Notably, in September 2023, the U.S. District Court for the Northern District of California entered a preliminary injunction in NetChoice, LLC v. Bonta, No. 22-cv-08861, blocking the law from taking effect. The California attorney general has appealed that decision, and the appeal remains pending before the Ninth Circuit Court of Appeals. Ogletree Deakins will continue to monitor that appeal for updates.
If the law is allowed to take effect following an appeal, key provisions of the act include age estimation measures, requiring businesses to assess whether their services, products, or features are “likely to be accessed by children,” and to implement age-gating or data collection limits for age estimation purposes. DPIAs are mandated for new online services likely to be accessed by children, with businesses required to identify risks of material detriment to children and develop mitigation plans. Additionally, default privacy settings must offer a high level of privacy, and transparency requirements must be tailored to the age of the children accessing the service.
Enforcement of the act will be overseen by the California attorney general, with violators facing injunctions and civil penalties of up to $7,500 per affected child for intentional violations. While the act prohibits a private right of action, businesses may want to consider proactively addressing compliance to avoid regulatory scrutiny and potential penalties. The act’s emphasis on protecting children’s physical and mental well-being underscores the importance of responsible data practices in the online environment, setting a precedent for children’s privacy protection nationwide and a likely model for other states to follow.
Data Broker Registration (Cal. Civ. Code §§ 1798.99.80–1798.99.89)
Effective January 1, 2020, the data broker registration law requires data brokers to register with the California attorney general and disclose pertinent information about their business practices.

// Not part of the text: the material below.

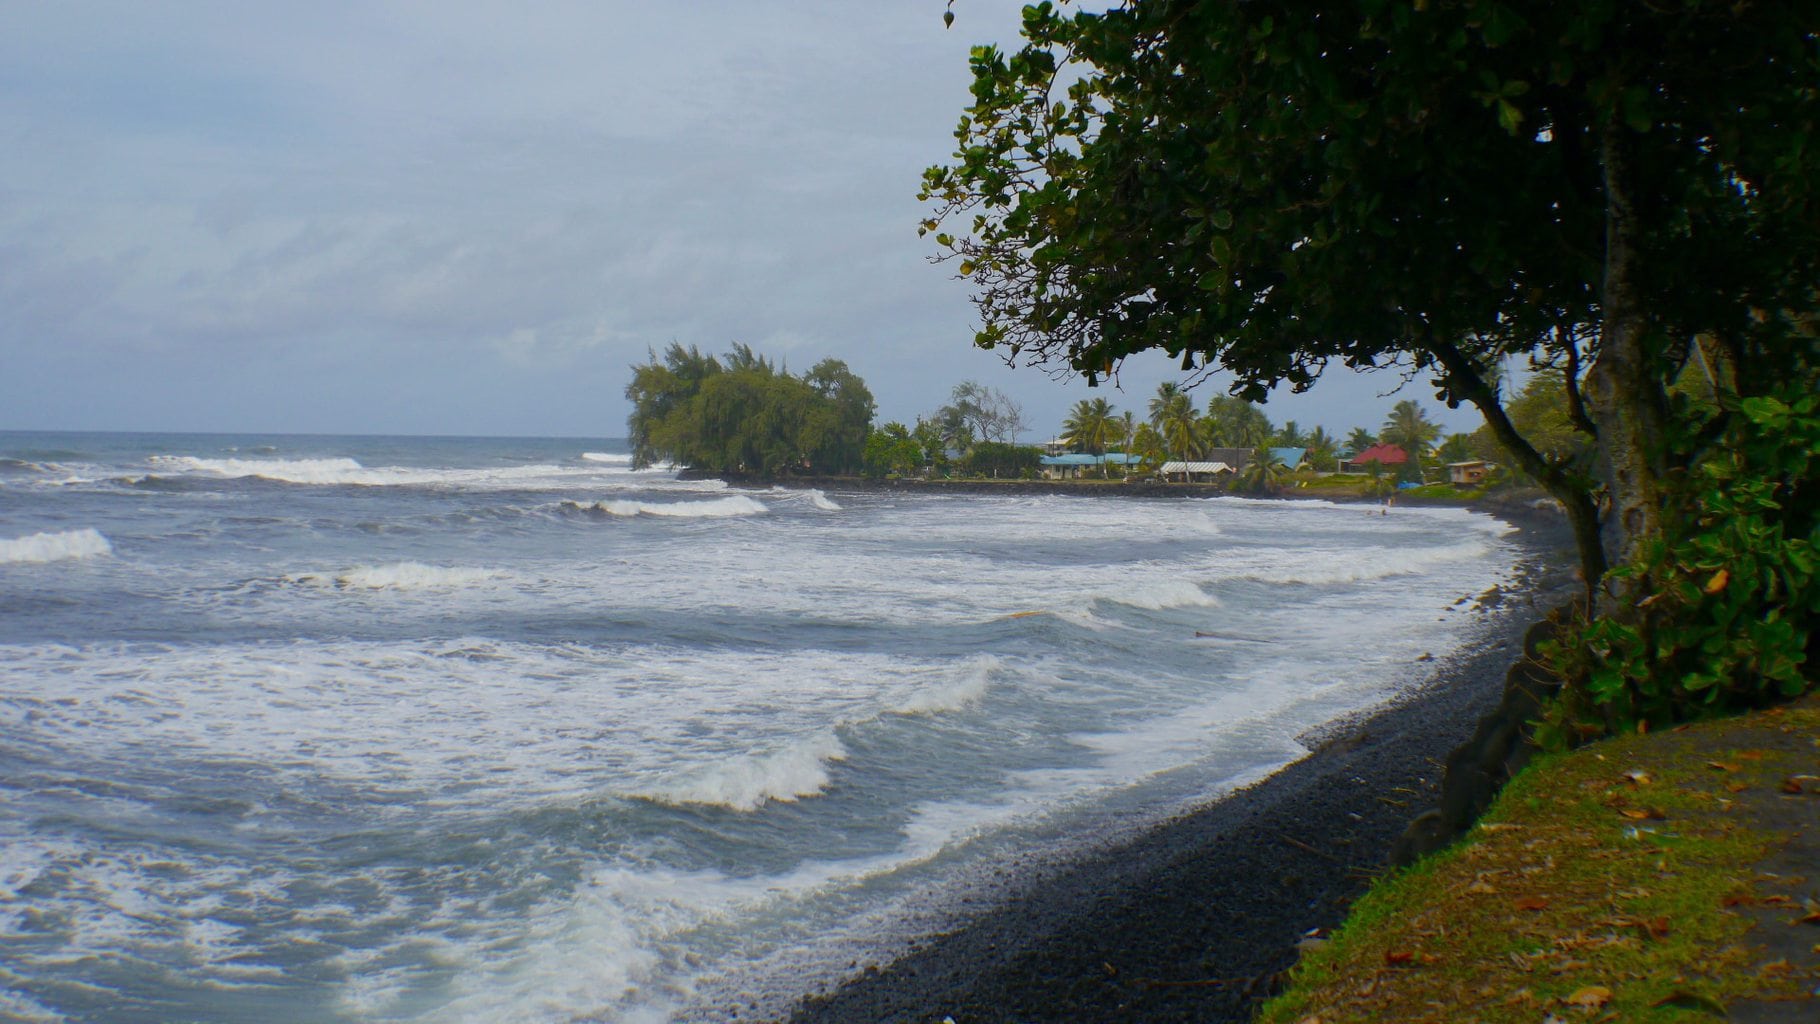 "The beaches of Tahiti"

A “data broker,” as defined by the law, refers to “a business that knowingly collects and sells to third parties the personal information of a consumer with whom the business does not have a direct relationship.” In October 2023, Governor Gavin Newsom signed into law Senate Bill (S.B.) 362, the Delete Act, which overhauled the data broker law to include more detailed registration and reporting requirements, expansion of metrics related to consumer rights requests, and the creation of a new deletion mechanism for consumers that is required to be implemented by January 1, 2026. Beginning on that date, data brokers must process all pending deletion requests at least once every forty-five days, and direct their contractors and service providers to also delete such information, among other requirements. Following passage of the Delete Act, the California Privacy Protection Agency (CPPA) is now responsible for registrations rather than the California attorney general, and the CPPA will maintain a publicly accessible website to publish information provided by data brokers.
Failure to register as a data broker incurs penalties, including civil fines and injunctions. The penalties include $200 for each day that a broker fails to register with the CPPA, and an administrative fine of $200 per deletion request every day that a broker fails to delete personal information where required.
Ogletree Deakins’ Cybersecurity and Privacy Practice Group will continue to monitor developments and will publish updates on the California and Cybersecurity and Privacy blogs as additional information becomes available.